Exercise prompt
Every line from the one with "아라온호 북극 항해 경로" to the end of the listing below must be printed exactly, with no other text and no pictures.

Available data

*** Begin section ***

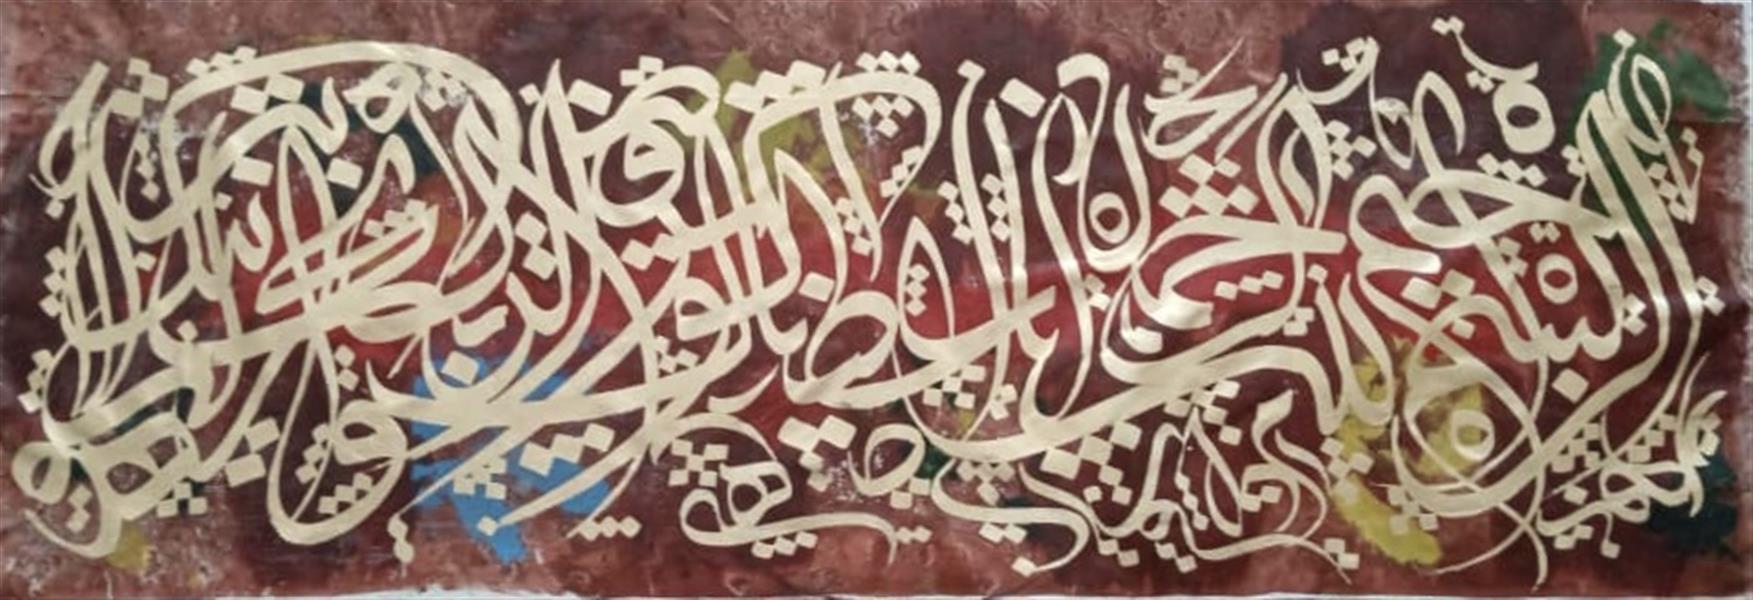 هنر خوشنویسی محفل خوشنویسی محمدجواد اعرابی تكنيك اكرليك روي بوم
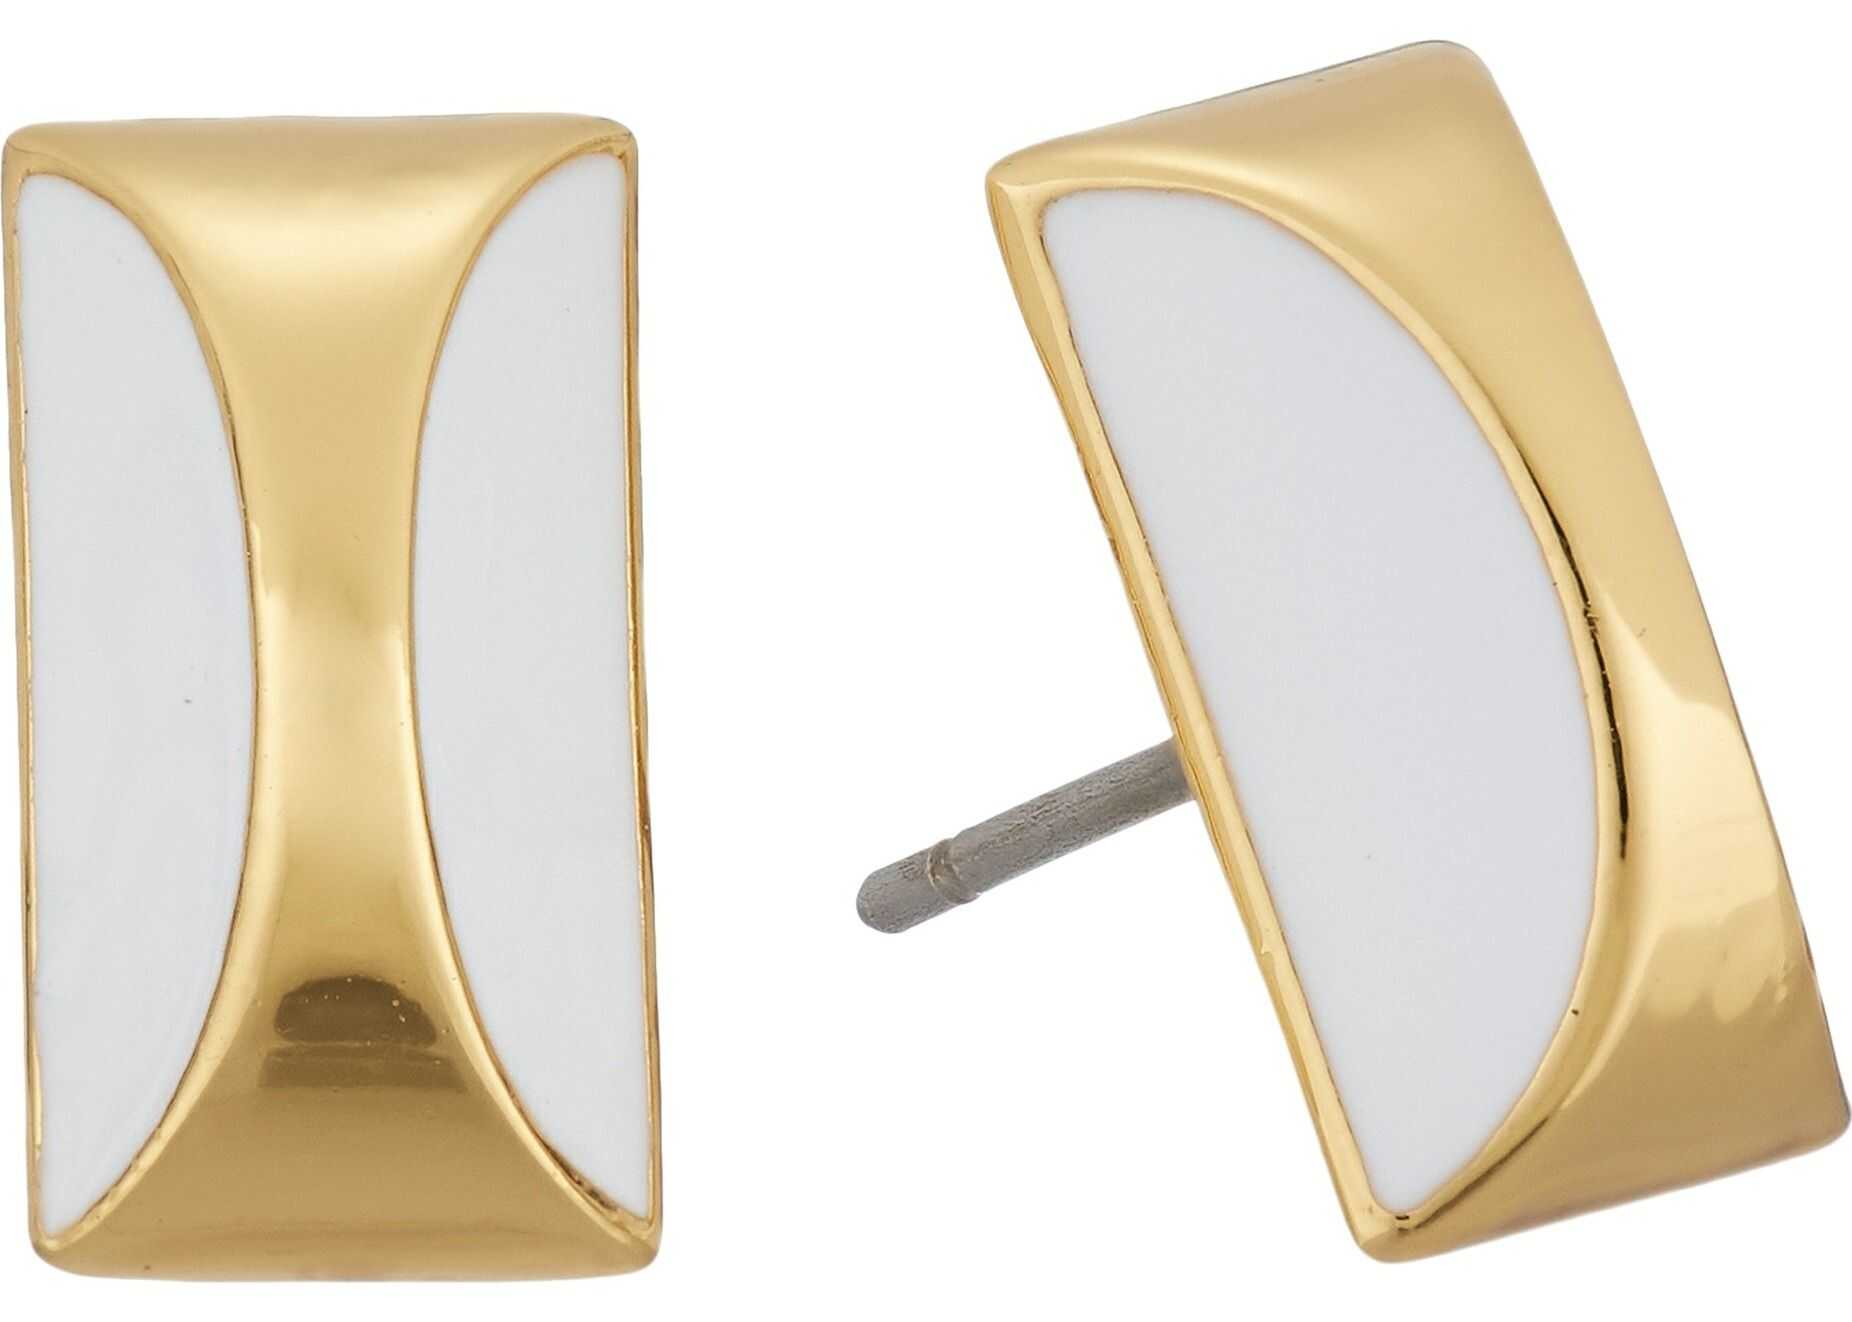 Kate Spade New York Sliced Scallops Studs Earrings White
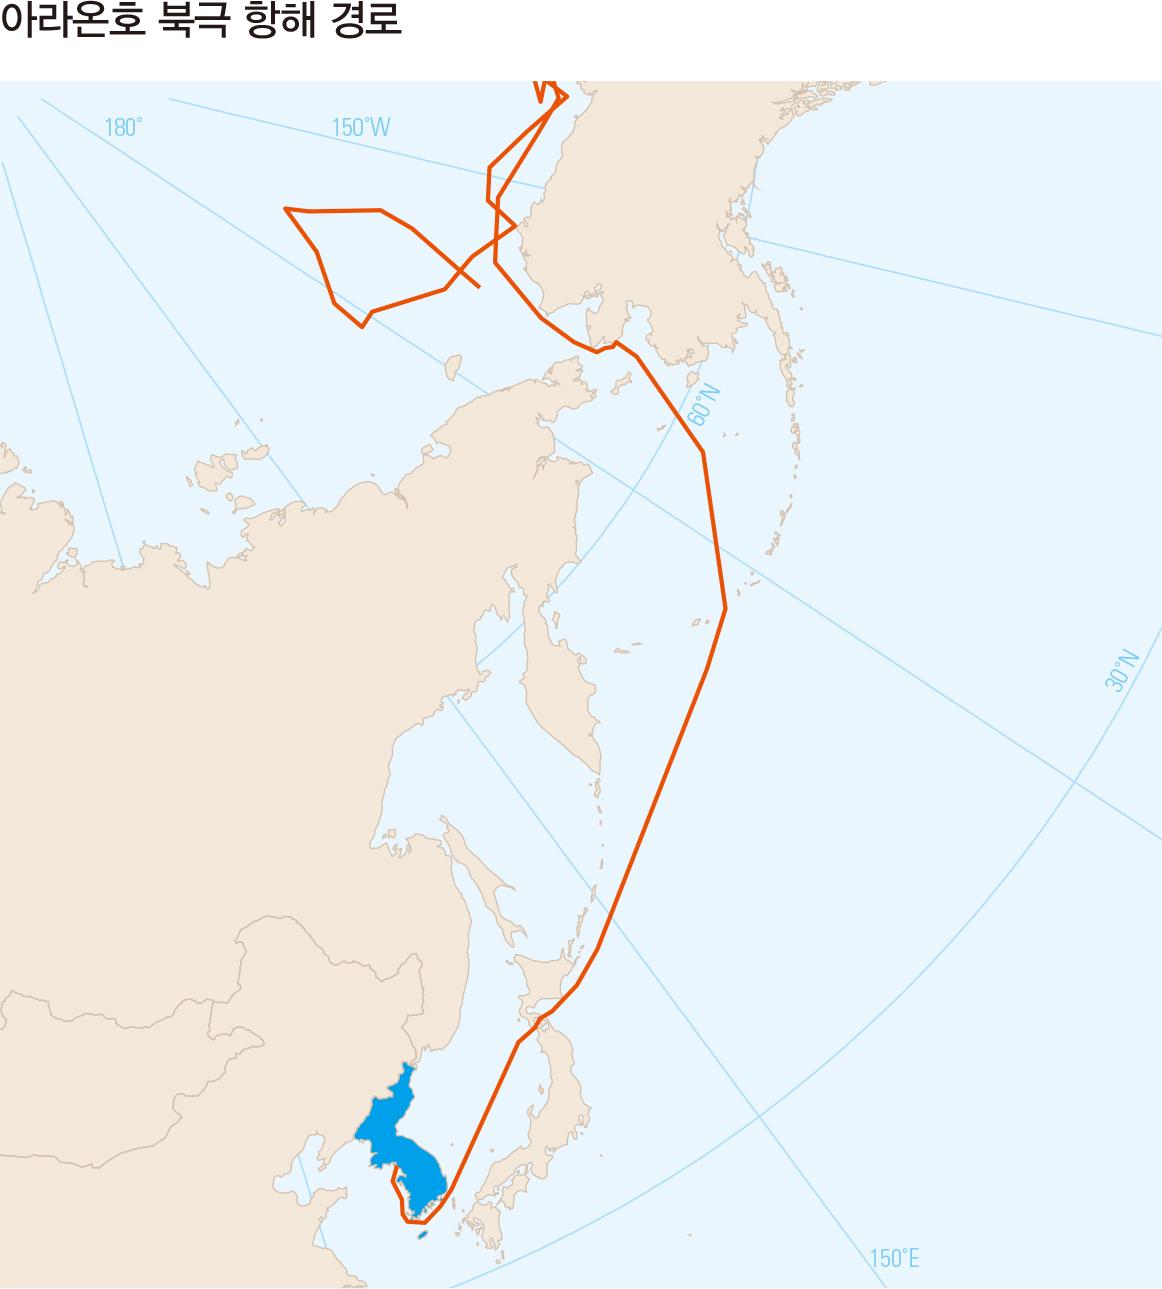 아라온호 북극 항해 경로
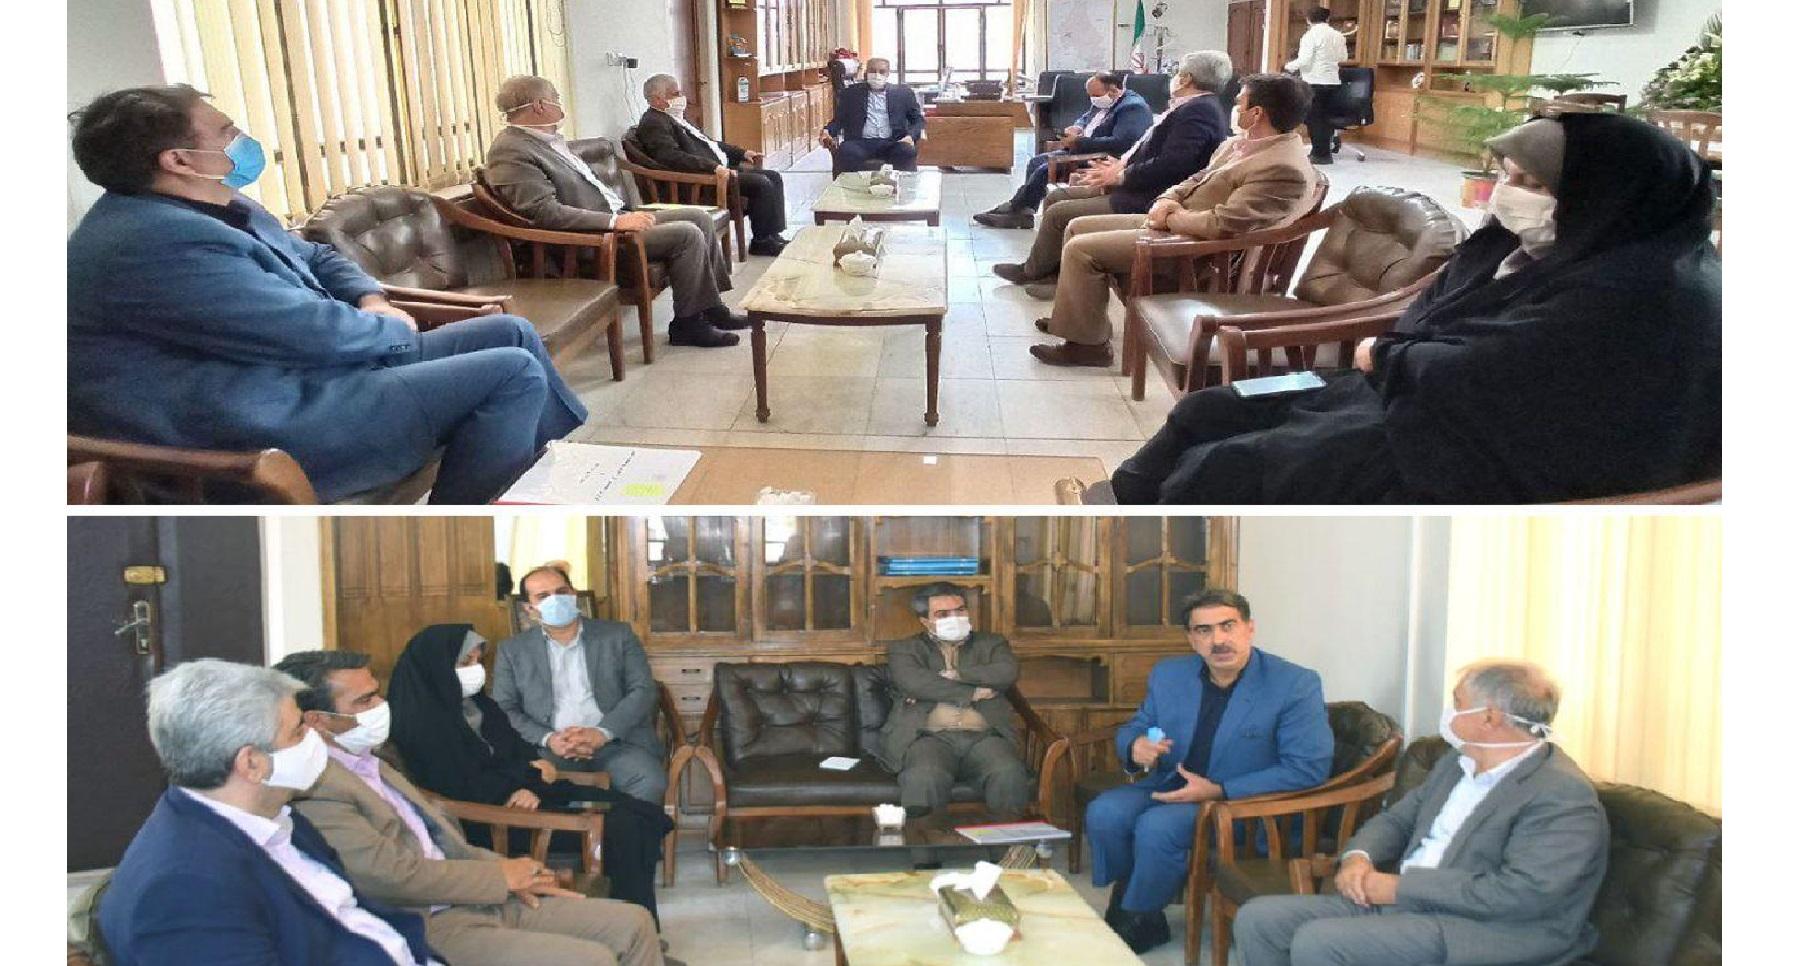 شورای اسلامی شهر مراغه یکی از موثرترین شوراهای استان است

*** End section ***

Answer for this exercise
 아라온호 북극 항해 경로
 شورای اسلامی شهر مراغه یکی از موثرترین شوراهای استان است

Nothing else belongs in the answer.